Task input: Begin
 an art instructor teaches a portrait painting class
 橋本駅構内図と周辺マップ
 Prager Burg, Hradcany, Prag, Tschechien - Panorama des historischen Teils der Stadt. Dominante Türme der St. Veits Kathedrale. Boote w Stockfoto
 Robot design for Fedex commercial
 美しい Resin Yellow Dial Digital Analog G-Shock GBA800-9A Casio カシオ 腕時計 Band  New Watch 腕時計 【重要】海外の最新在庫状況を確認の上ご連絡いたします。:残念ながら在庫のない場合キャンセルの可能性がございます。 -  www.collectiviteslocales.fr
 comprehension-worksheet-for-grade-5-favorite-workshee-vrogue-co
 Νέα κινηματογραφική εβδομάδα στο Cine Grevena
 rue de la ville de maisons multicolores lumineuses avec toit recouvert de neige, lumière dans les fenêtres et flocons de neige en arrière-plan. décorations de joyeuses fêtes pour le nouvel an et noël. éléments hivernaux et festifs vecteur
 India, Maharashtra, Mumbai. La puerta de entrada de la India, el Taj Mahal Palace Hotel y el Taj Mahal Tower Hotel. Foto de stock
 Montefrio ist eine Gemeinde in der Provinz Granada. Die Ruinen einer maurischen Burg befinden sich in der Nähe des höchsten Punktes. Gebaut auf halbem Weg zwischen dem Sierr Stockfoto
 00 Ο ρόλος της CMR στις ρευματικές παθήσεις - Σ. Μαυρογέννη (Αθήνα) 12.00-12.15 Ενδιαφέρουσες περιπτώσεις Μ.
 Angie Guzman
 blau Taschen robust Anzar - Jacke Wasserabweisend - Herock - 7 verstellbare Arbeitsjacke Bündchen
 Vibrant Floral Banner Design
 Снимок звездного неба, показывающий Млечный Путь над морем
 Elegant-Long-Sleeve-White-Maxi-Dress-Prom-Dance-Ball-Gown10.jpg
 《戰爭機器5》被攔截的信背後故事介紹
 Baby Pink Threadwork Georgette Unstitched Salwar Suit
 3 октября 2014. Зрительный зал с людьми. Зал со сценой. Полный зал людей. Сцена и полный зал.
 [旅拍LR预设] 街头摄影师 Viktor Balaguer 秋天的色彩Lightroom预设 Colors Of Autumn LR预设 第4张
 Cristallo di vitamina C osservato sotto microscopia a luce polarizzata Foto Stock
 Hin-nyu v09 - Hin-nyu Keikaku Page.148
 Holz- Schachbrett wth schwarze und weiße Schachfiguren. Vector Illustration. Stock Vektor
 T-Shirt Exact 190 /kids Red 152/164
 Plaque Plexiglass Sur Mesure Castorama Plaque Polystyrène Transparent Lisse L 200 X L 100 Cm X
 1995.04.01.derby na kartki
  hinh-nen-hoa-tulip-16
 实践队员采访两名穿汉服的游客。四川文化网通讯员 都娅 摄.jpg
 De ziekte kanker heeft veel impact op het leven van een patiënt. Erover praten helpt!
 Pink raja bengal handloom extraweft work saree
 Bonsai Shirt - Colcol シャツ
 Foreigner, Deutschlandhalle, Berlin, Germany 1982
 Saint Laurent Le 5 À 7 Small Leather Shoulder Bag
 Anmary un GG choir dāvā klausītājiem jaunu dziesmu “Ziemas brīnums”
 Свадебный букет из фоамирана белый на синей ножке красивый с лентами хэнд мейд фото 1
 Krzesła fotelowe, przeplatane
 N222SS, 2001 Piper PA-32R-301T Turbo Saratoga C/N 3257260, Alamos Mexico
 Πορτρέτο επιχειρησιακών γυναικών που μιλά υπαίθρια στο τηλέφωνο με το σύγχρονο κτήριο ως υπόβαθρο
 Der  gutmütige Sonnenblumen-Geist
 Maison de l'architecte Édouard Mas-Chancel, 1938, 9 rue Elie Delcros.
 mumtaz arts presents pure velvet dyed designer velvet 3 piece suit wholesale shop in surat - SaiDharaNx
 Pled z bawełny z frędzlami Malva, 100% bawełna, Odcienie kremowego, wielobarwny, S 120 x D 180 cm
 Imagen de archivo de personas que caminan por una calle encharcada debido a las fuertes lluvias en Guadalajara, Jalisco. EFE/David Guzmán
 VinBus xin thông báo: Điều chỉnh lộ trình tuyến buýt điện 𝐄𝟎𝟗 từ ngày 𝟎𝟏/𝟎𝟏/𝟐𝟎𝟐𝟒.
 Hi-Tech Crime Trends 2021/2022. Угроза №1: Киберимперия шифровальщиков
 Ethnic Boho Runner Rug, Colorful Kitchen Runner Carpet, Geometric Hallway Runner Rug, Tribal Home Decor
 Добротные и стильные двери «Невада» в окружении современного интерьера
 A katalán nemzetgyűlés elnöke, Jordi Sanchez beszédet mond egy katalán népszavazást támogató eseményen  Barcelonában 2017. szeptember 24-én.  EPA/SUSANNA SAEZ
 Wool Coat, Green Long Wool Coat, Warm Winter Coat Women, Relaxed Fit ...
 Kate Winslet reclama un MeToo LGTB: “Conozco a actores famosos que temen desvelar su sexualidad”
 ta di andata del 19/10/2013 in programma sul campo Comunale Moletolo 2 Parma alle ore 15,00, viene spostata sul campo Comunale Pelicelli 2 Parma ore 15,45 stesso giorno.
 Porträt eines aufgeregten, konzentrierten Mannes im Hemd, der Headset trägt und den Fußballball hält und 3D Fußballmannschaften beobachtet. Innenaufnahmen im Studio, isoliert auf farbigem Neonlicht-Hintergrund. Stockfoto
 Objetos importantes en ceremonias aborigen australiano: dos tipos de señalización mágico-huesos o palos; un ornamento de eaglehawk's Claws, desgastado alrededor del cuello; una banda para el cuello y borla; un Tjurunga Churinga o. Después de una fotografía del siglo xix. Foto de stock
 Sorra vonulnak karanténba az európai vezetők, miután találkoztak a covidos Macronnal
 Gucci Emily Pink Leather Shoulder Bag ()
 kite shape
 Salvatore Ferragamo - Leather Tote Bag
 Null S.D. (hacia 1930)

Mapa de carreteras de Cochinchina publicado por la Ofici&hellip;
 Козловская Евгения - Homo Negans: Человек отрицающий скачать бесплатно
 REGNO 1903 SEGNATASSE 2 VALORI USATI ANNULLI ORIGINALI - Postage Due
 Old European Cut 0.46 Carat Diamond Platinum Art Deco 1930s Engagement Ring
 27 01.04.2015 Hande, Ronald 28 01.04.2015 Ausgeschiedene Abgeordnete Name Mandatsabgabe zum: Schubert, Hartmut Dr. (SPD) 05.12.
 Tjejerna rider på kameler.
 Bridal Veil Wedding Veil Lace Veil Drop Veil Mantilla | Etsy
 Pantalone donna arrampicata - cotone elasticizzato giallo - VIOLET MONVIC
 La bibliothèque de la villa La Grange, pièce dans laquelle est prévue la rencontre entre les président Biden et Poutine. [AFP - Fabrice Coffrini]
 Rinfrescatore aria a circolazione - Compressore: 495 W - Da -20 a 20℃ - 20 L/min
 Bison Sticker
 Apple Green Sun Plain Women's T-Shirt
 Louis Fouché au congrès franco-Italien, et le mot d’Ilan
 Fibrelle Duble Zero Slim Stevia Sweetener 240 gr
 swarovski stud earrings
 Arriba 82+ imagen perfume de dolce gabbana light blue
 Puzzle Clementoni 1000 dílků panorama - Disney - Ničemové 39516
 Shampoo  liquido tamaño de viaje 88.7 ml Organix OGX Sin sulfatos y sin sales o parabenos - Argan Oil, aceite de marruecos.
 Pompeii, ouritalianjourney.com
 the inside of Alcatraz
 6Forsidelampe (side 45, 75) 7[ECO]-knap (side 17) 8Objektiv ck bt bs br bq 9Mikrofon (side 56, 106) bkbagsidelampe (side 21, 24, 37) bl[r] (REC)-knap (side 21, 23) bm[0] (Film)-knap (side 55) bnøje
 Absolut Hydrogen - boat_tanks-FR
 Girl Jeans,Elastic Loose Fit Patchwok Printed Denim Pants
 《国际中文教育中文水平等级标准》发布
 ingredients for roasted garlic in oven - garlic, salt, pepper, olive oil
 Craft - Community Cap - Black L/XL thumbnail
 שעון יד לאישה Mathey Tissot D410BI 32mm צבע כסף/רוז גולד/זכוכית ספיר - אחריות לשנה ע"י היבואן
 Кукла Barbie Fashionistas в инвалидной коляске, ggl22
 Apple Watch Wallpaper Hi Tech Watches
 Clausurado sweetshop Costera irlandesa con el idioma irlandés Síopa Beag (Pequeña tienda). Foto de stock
Task input: End
[What to work on] Look through the entries above. Extract each line with the word "Shirt".

[Expected answer]
 T-Shirt Exact 190 /kids Red 152/164
 Bonsai Shirt - Colcol シャツ
 Apple Green Sun Plain Women's T-Shirt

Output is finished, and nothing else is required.